BUFFALO, N.Y. — Connor McDavid and Jack Eichel have been linked as the NHL’s two top draft prospects since September.
It wasn’t until this week at the league’s pre-draft scouting combine in Buffalo when the two finally had a chance to sit down and chat.
“We’ve had a pretty good rivalry,” McDavid said. “We’ve been linked together so long, you start to feel like you know him. And he’s a nice guy.”
The feeling was mutual for Eichel.
“Yeah, he’s a pretty good kid,” he said. “It was nice to finally meet him.”
Just don’t ask who’s better between two centres who possess distinct styles, and are both regarded by NHL scouts as having “once-in-a-generation” ability.
“That’s not up to me to decide,” McDavid said. “I feel I’m the best player in the draft, but maybe you’ll get a different answer from Jack.”
Eichel responded by saying: “I’m pretty confident in my own abilities.”
Officially, The Canadian-born McDavid finished first in the NHL Central Scouting rankings and is highly anticipated to be selected first by the Edmonton Oilers in the draft on June 26. He’s a speedy, play-making 18-year-old who earned Canadian Junior Hockey player of the year honours after scoring 44 goals and 120 points in 47 games with Ontario Hockey League Erie Otters.

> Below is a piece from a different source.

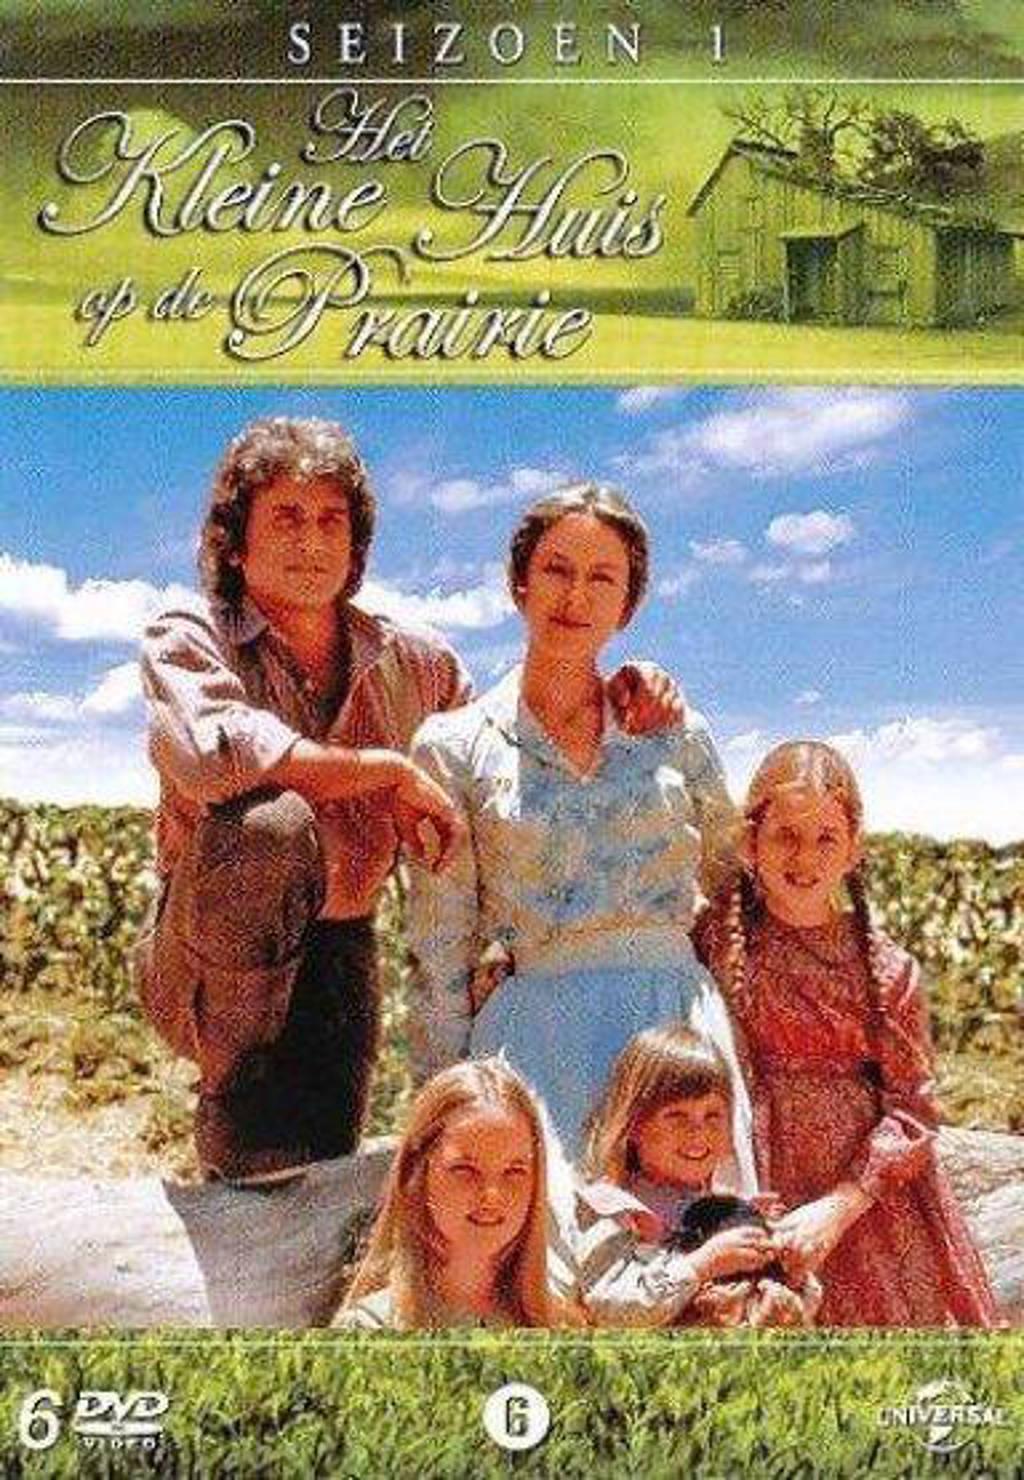 Kleine huis op de prairie - Seizoen 1 (DVD)

Eichel is the second-ranked prospect, and expected to be drafted by the Buffalo Sabres, who have the No. 2 pick. The American-born Eichel has a more hard-hitting style than McDavid and proved to be no slouch playing against older competition at Boston University. He led the nation with 71 points (26 goals, 45 assists) in becoming college hockey’s second freshman to win the Hobey Baker award.

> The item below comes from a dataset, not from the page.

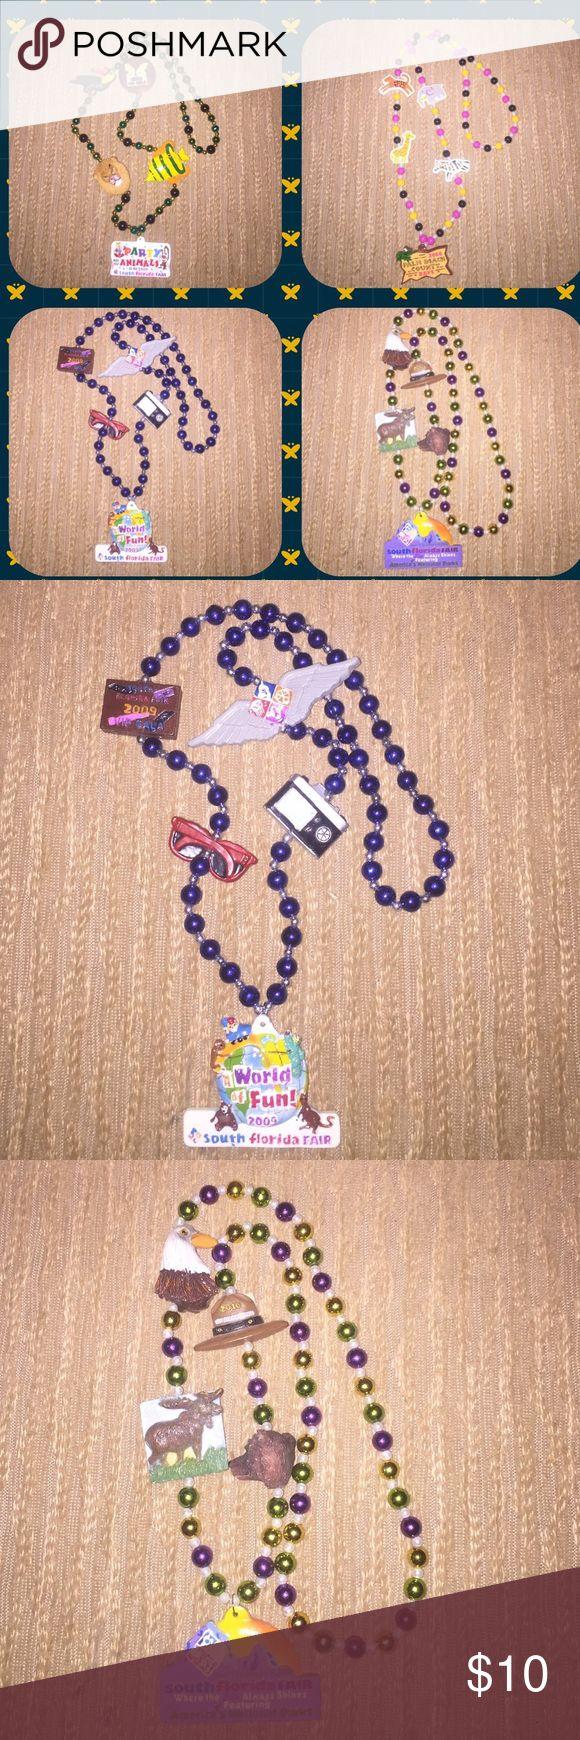 4 Unique South Florida Fair Mardi Gras Beads!!! 4 Unique South Florida Fair Mardi Gras Beads!!! Jewelry Necklaces

What’s not up for debate is each player’s ability.
“They both are going to be big contributors in the NHL,” Central Scouting director Dan Marr said. “They’re going to make a difference for their team. They’re going to make an impact. They’re going to put up numbers. And they’re going to be special players.”
The challenge for Marr and his staff was ranking the two.

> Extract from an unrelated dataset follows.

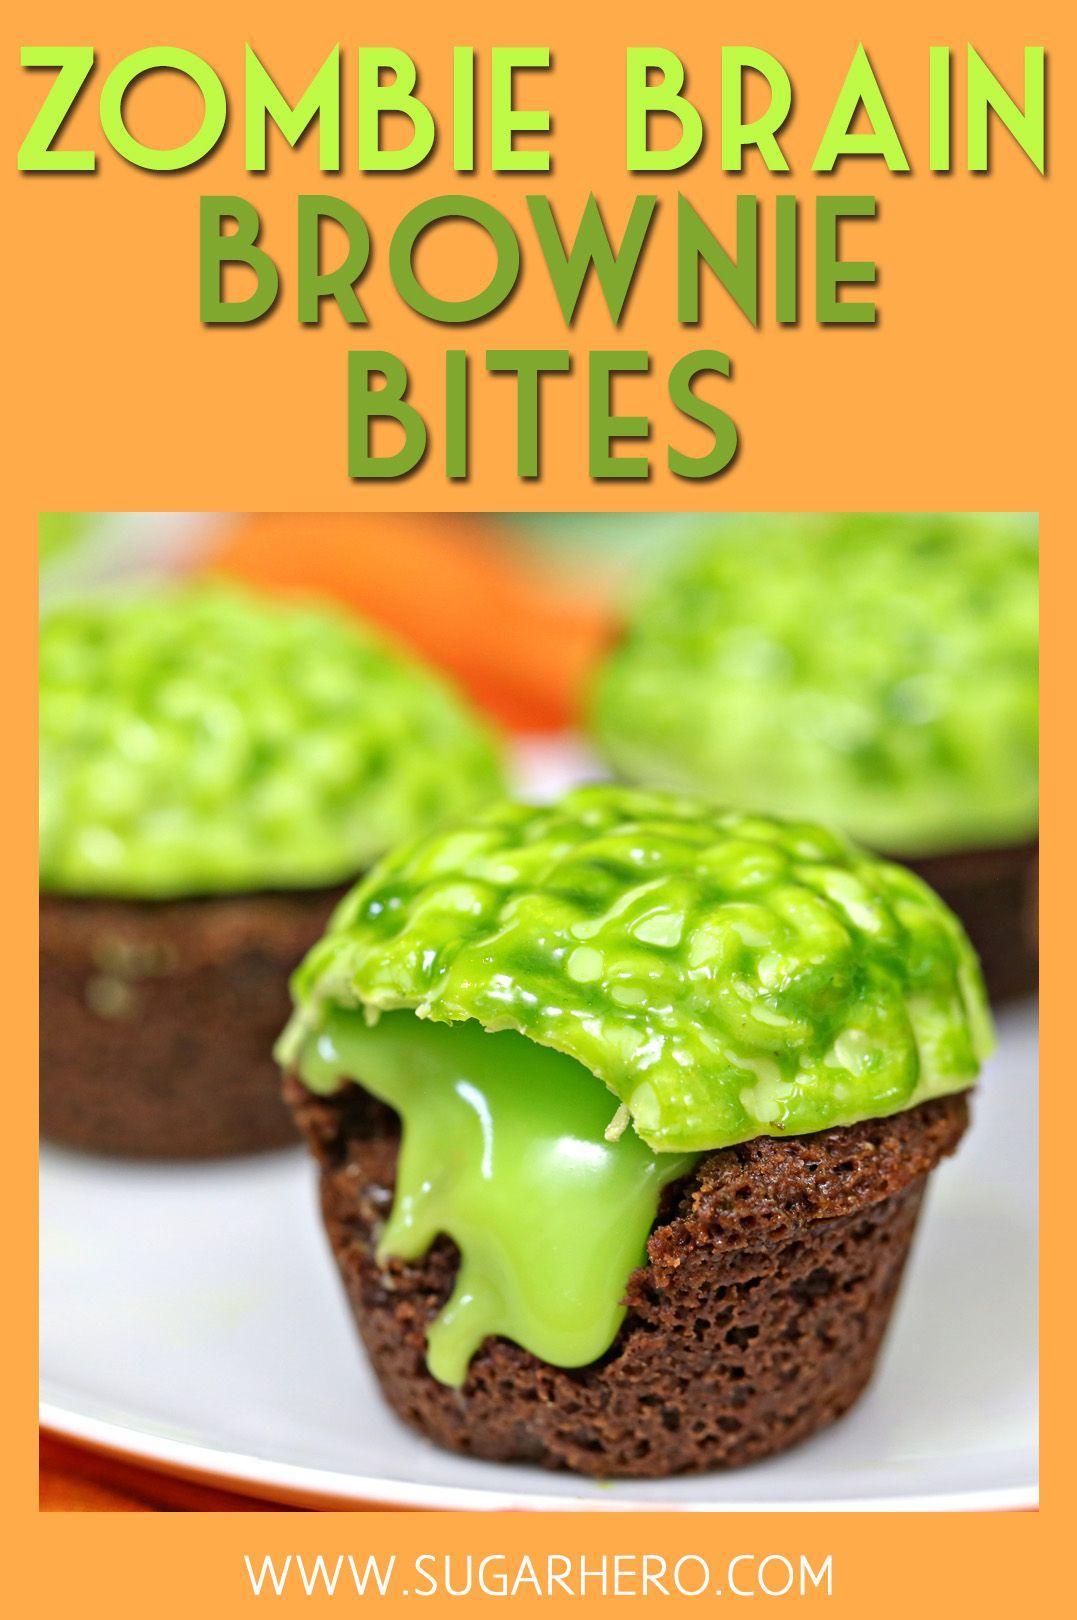 Zombie Brain Brownie Bites Video #foodrecipies

“It’s a fine line,” Marr said, before noting McDavid earned the edge because he is regarded to have more potential.
“We feel the best is yet to come,” Marr said. “There’s still room for growth in his game.”
Boston Bruins general manager Don Sweeney called both “foundational-type players.”
McDavid and Eichel are among 120 prospects attending the weeklong combine, which concludes with physical testing Saturday.
Boston College defenceman Noah Hanifin is ranked third by Central Scouting, followed by McDavid’s teammate Dylan Strome.
Hanifin acknowledged he would be shocked if McDavid and Eichel weren’t drafted first and second.
“All they attention they’ve gotten this year, they deserve,” Hanifin said.
Strome, meanwhile, had the best comment of the day, when asked how opposing teams might defend against McDavid.
“Good luck, I guess,” Strome said.
Players spent the early part of the week holding one-on-one interviews with team executives.
McDavid had only had a few meetings, including interviews with the Oilers and Toronto Maple Leafs, who have the fourth pick.
He acknowledged being surprised in April when the Oilers jumped two spots ahead of Buffalo and Arizona to land the No. 1 pick during the NHL draft lottery.
“It was more shock than anything,” McDavid said, noting he’s prepared to play for whichever team drafts him.
“There’s nothing to accept,” he said. “If it’s Edmonton, it’s great. If not, it will be great anywhere in the NHL.”
Eichel met with five teams, including the Sabres.
“I didn’t do any preparation, to be honest with you,” Eichel said of his approach to the meetings. “I think the most important thing about going into interviews like that is just be yourself, talk from the heart.”
He’s spent part of the week touring the city, and sampled some Buffalo chicken wings.
Eichel has not yet decided whether he’ll turn pro next season or return to Boston University. He expects to make the decision following the draft.